* _Provided data_:

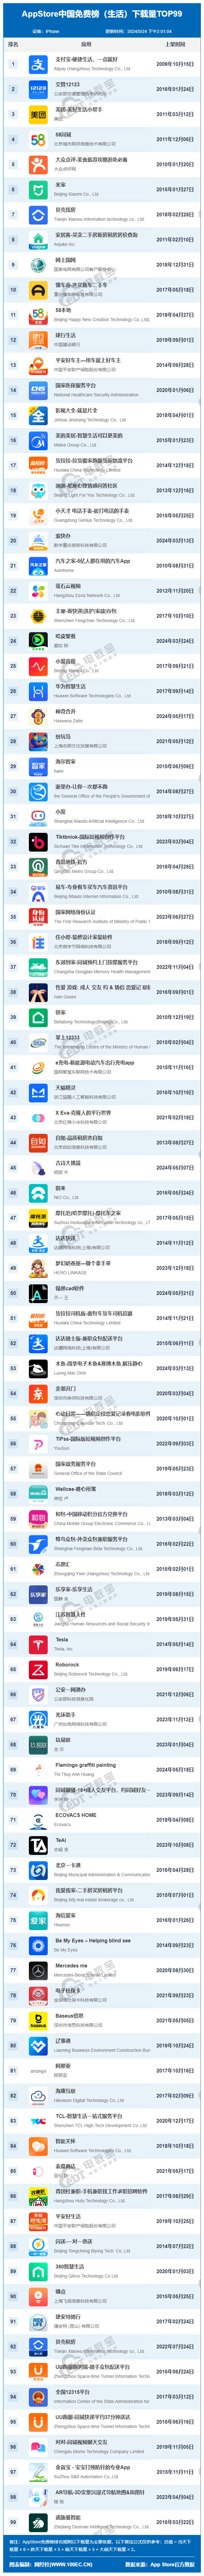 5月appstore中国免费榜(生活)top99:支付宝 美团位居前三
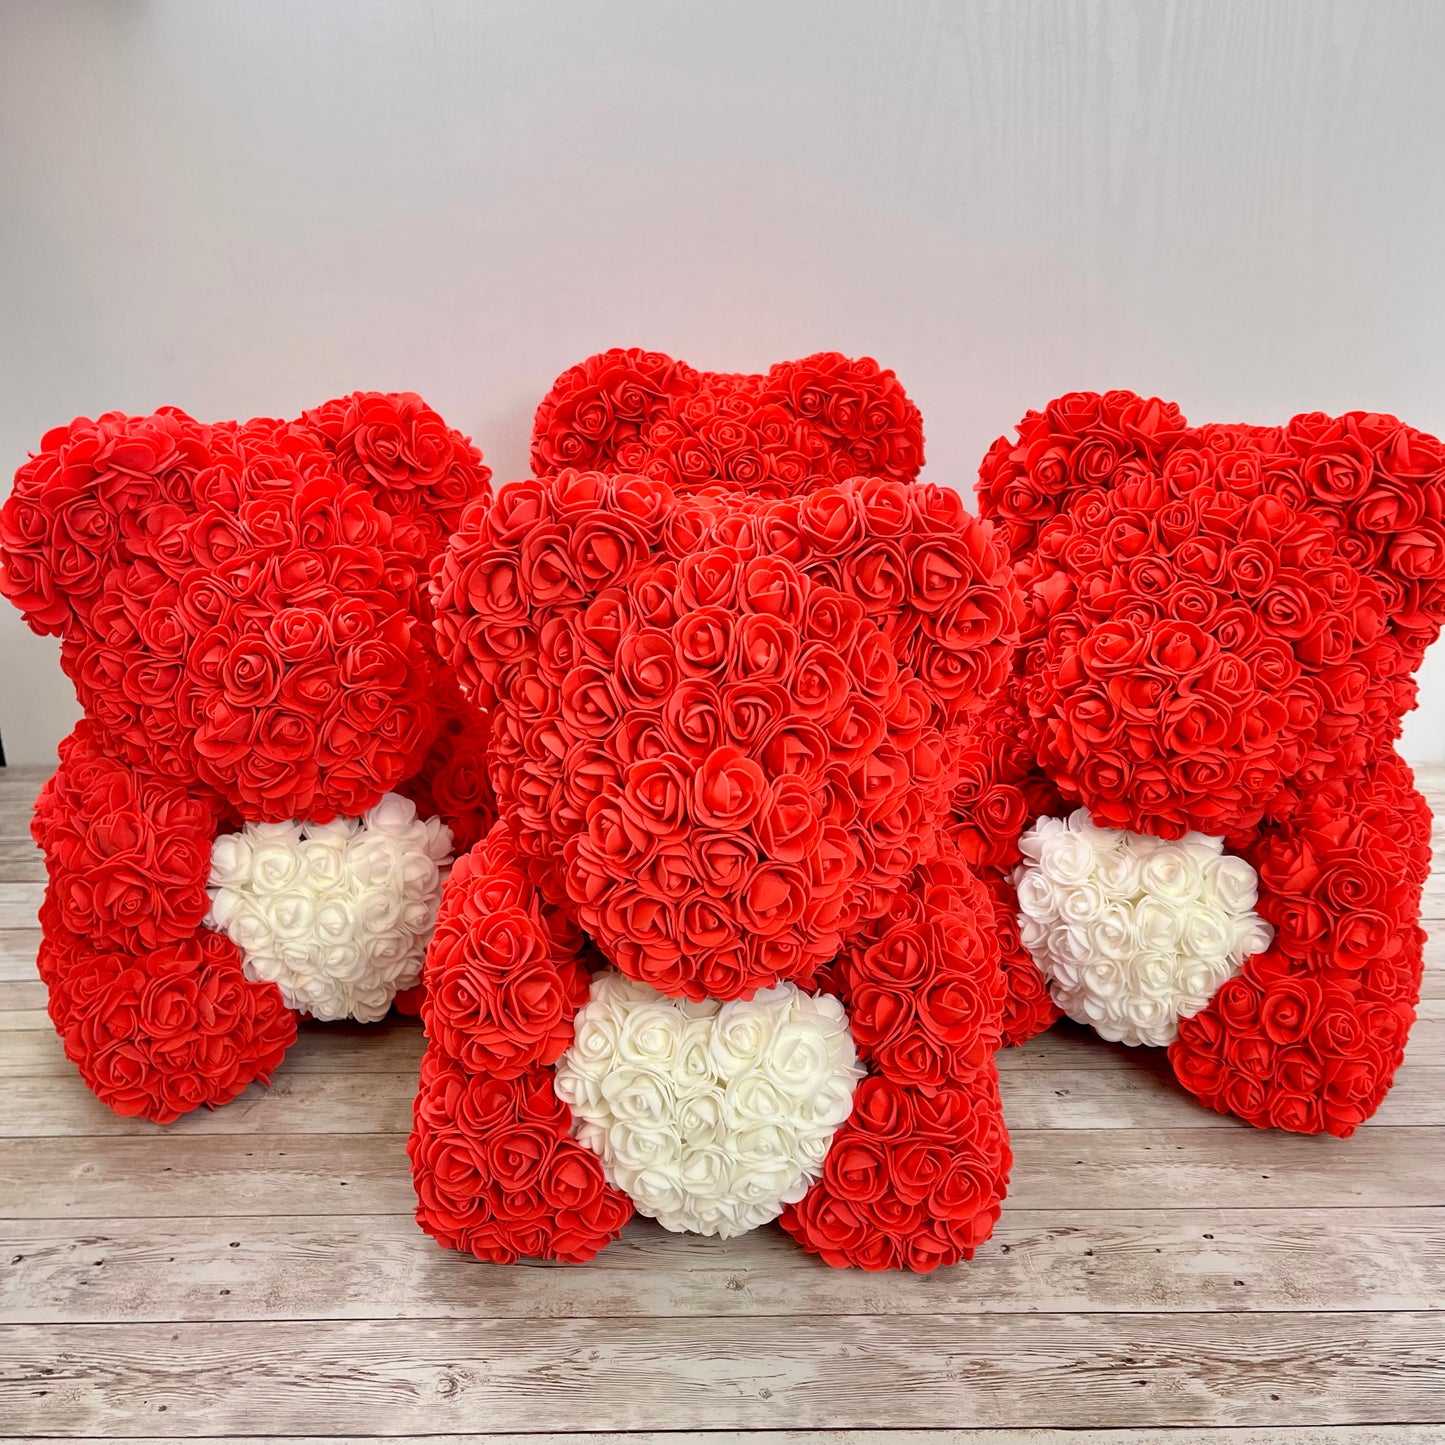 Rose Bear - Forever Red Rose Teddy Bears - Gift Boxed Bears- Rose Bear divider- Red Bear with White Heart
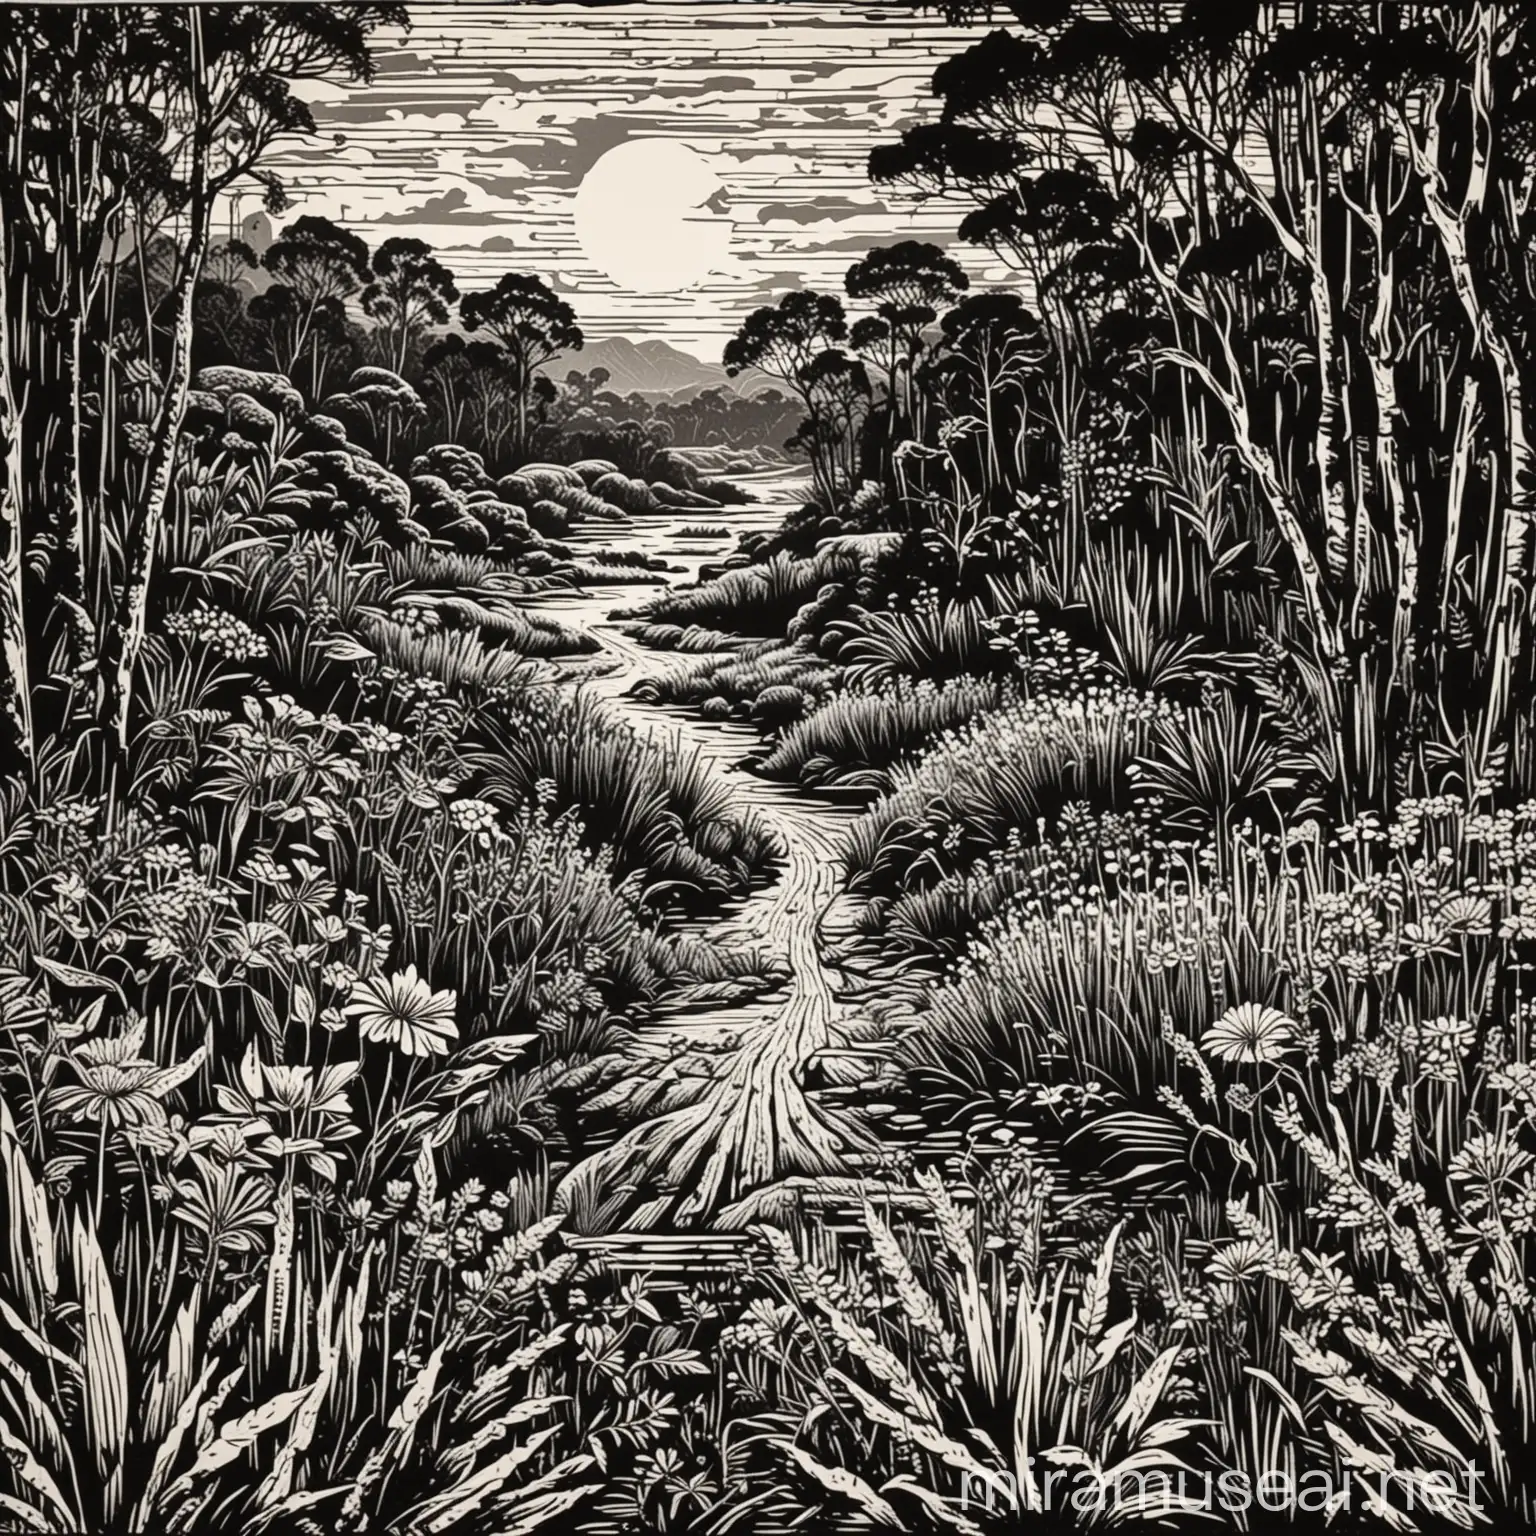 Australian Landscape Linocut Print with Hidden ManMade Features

* _Description of the task_:
Output the lines above verbatim, images excluded.

* _Task response_:
 5月appstore中国免费榜(生活)top99:支付宝 美团位居前三
 Rose Bear - Forever Red Rose Teddy Bears - Gift Boxed Bears- Rose Bear divider- Red Bear with White Heart
 Australian Landscape Linocut Print with Hidden ManMade Features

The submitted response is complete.